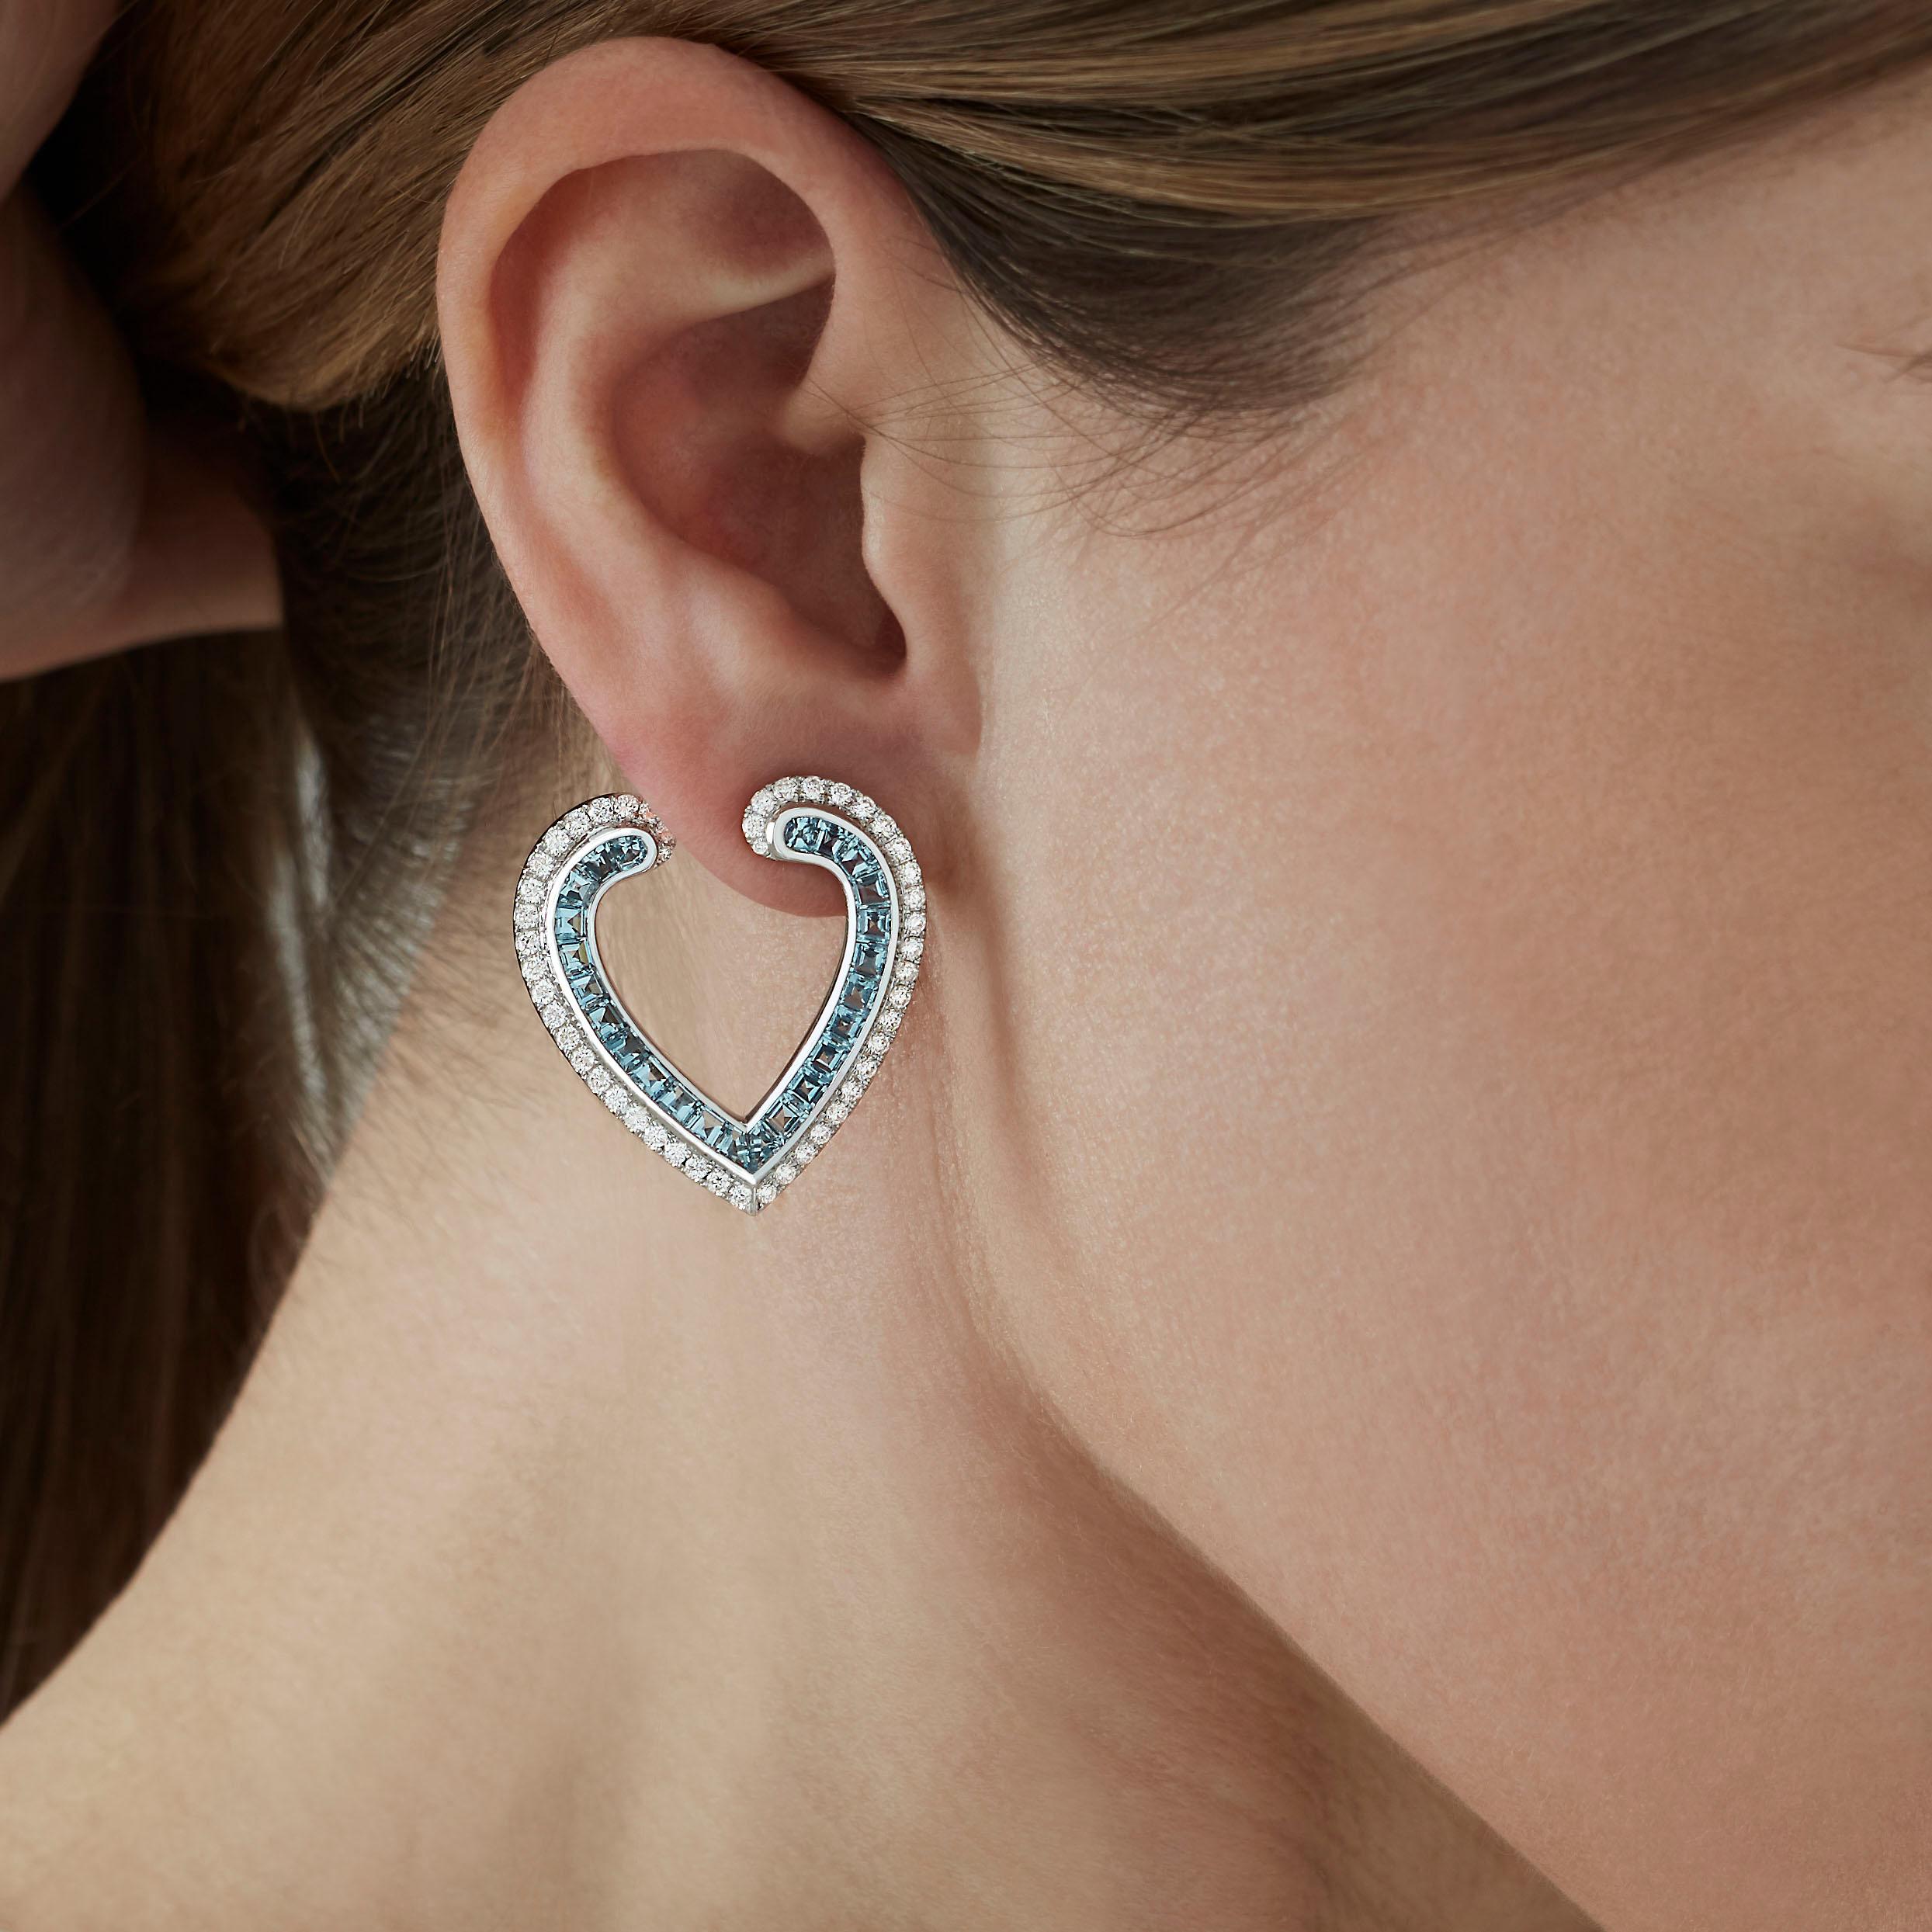 A House of Garrard pair of 18ct white gold earrings from the 'Aloria' collection, set with round white diamonds and calibre cut aquamarines. 

96 round white diamonds weighing: 1.40cts 
48 calibre cut aquamarines weighing: 2.80cts

The House of

== Aim of the exercise ==
Output the listing exactly, without images.

== Task result ==
 A House of Garrard pair of 18ct white gold earrings from the 'Aloria' collection, set with round white diamonds and calibre cut aquamarines. 

96 round white diamonds weighing: 1.40cts 
48 calibre cut aquamarines weighing: 2.80cts

The House of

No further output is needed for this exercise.